Днем мы обязательно выходили гулять. Обыкновенно наша бонна водила нас на Тверской бульвар, где мы играли с другими детьми. Незнакомые дети подходили друг к другу и приглашали: «Хотите играть?» И мы с разрешения нашей старушки бежали с восторгом играть в «ворота», «кошки-мышки» и другие игры.
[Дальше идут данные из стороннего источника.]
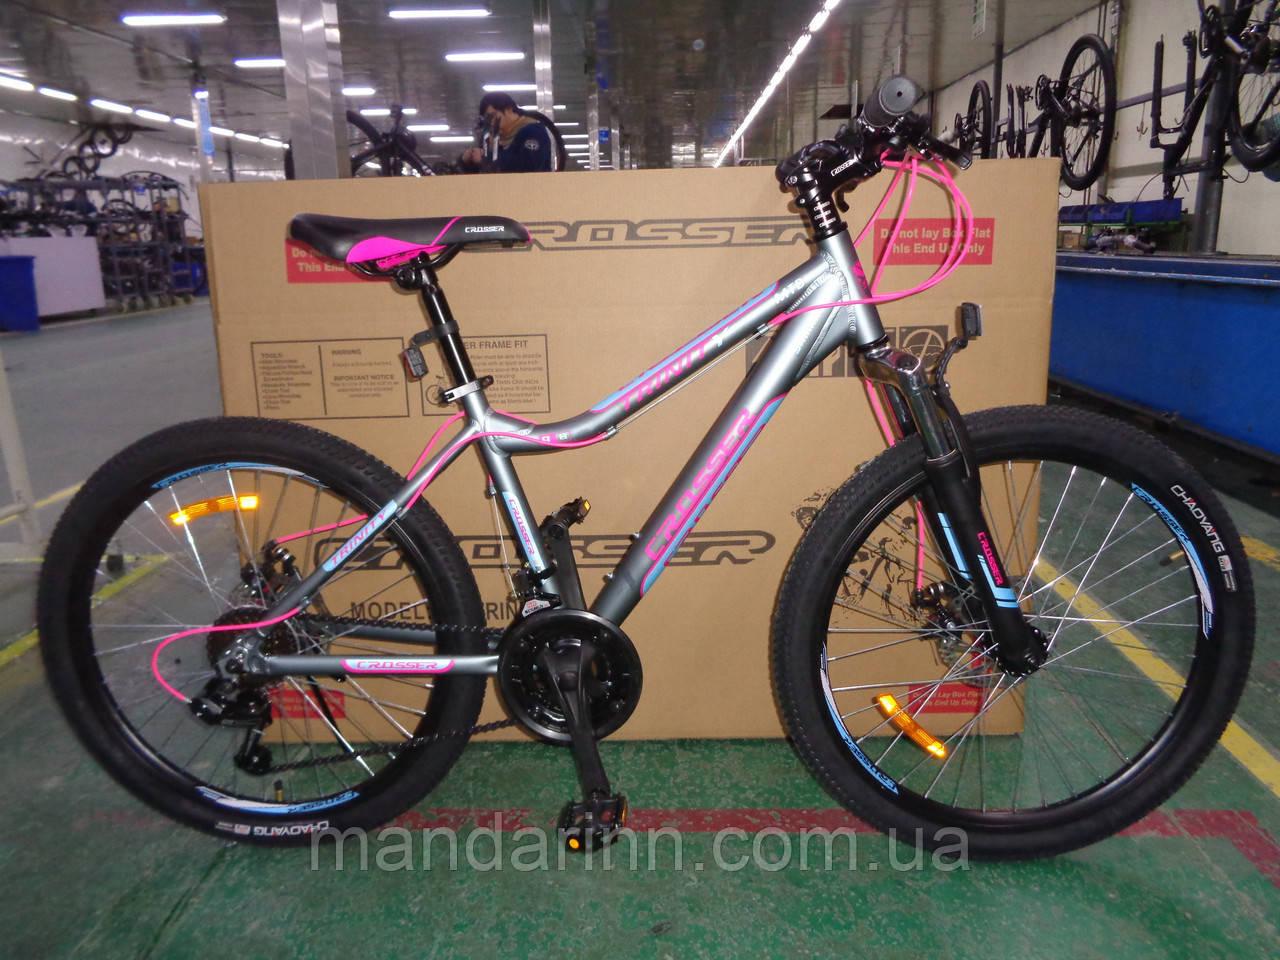 Спортивный Алюминиевый велосипед Crosser Trinity 24 дюйма. Белый.

И вот однажды, мне было года четыре, несясь в большом круге детей, я оглянулась на нашу немку, сидевшую с моим младшим братом на руках на скамейке, и не увидела ее. Я тотчас же вышла из игры, стала смотреть кругом. Ни ее, ни братьев моих нигде не было. Тогда я, потеряв голову, побежала вниз по бульвару, вообразив, что она ушла без меня домой. Я бежала и плакала. Я пробежала с середины бульвара до угла Тверской. Там меня остановил городовой, расспросил: кто я, куда бегу, где мой дом? Я сумела объяснить, что я дочь «Магазина Андреева» и что могу ему показать дорогу туда. Я перестала плакать и шла с ним очень уверенно за руку. Из магазина меня отец доставил домой, похвалив за находчивость. Дома я застала ужасную сцену между матерью и Амалией Ивановной. Старушка плакала много дней и считала меня виноватой в ее горе. Она чуть-чуть не лишилась места у нас из-за меня. А мне ее печаль и слезы отравили радость моего геройства. По тому, как взрослые отнеслись к случаю со мной, я поняла, что выказала для своих трех-четырех лет большую сметливость, и гордилась своим геройством.
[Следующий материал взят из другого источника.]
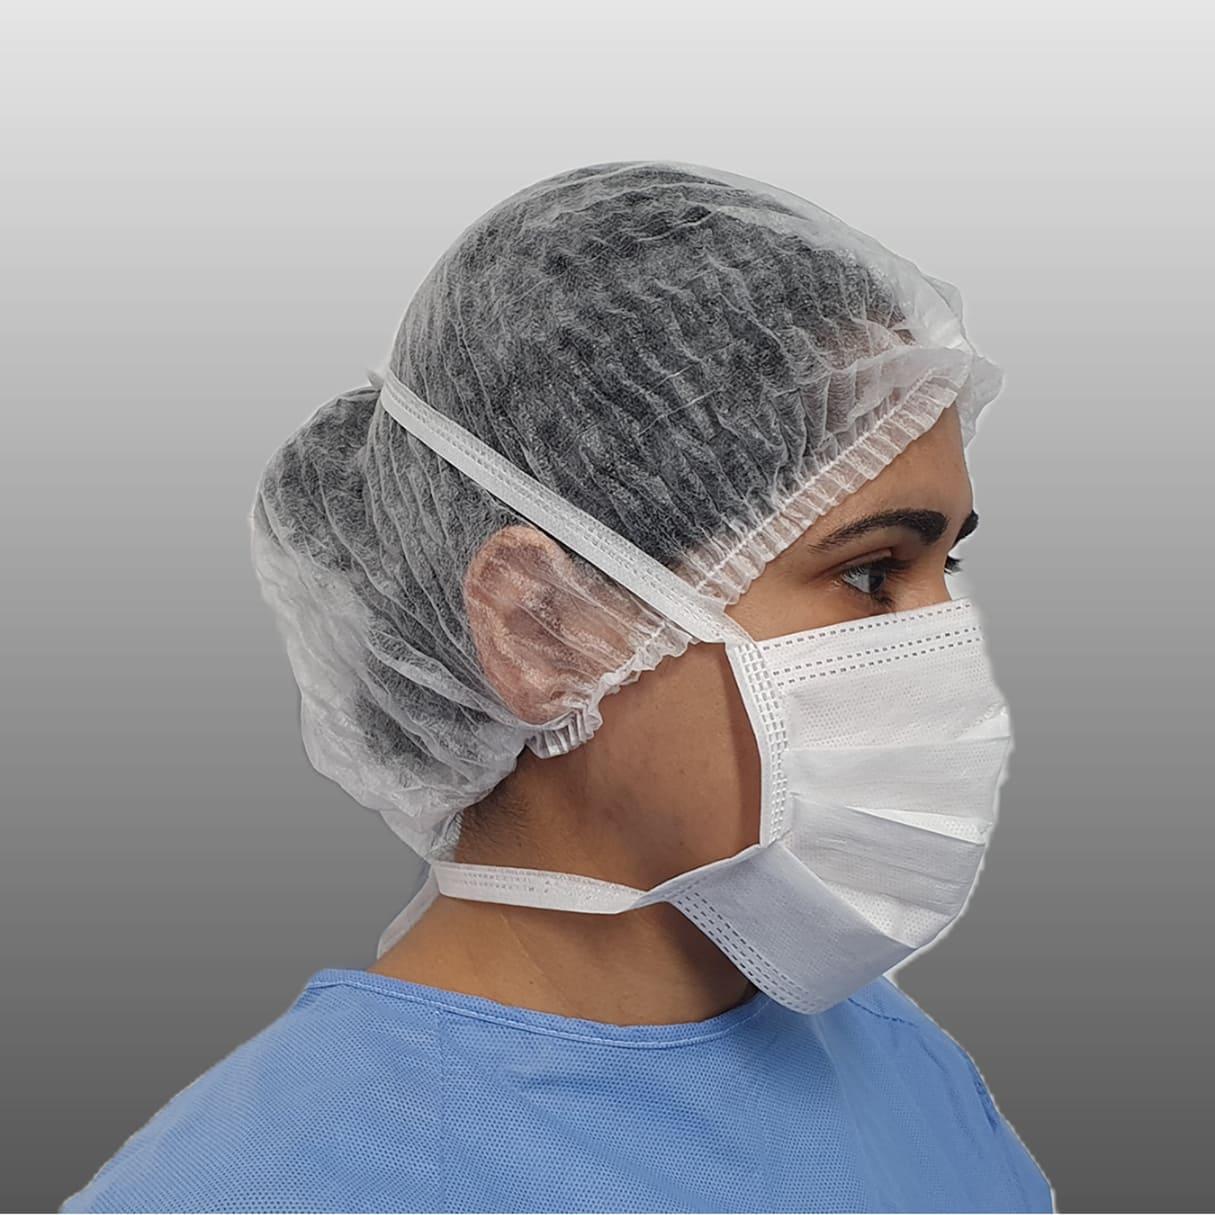 Fabricante de máscara cirúrgica

Если зимой нас не водили гулять, то мы играли во дворе. Там для нас устраивались две высокие горы, с которых мы съезжали на салазках. Шалить много там нельзя было, так как каток в садике и горы были как раз под окнами комнаты матери. Но все же играть во дворе мы куда больше любили, чем ходить на Тверской бульвар. В три часа мы возвращались домой, ели фрукты.
До вечера мы играли, или нам читали вслух, затем, выпив молока, шли спать ровно в восемь часов, минута в минуту, и каждый день мы протестовали, выдумывали предлоги, чтобы оттянуть ненавистный час, шумели и кричали, чтобы заглушить бой часов. Когда сальная свеча, освещавшая нашу комнату, была потушена, мы вставали с постелей и при свете лампадки, висевшей перед иконой св. Пантелеймона, начинали баловаться. И всегда мы затевали что-нибудь запрещенное: перелезали в кроватки друг к другу или, поставив скамеечку на стол (все это надо было проделать очень тихо), лазили прикладываться к иконе, причем поцеловать надо было непременно ту руку святого Пантелеймона, в которой он держал коробку с лекарствами, «а то не будет чуда».
Все эти шалости затевала обыкновенно я, подбивая братьев на непослушание и всякие дерзкие выходки. Оба брата подчинялись и слушались меня беспрекословно. Так как я была много сильнее их физически, они оба меня боялись. Я не так любила старшего Алешу. Он был «рохля», как я его называла, ленивый, апатичный, лишенный всякой фантазии, всякой инициативы. Миша — болезненный, тихий — был очень умен, с большой волей и выдержкой. Я его обожала, всегда брала его сторону, защищала. От избытка нежности часто, хоть он был моложе меня на год, носила его на руках, целовала. Болезненный, хрупкий, он был похож на девочку. Мы с ним менялись игрушками, я отдавала ему свои куклы, он мне своих лошадей, солдатиков.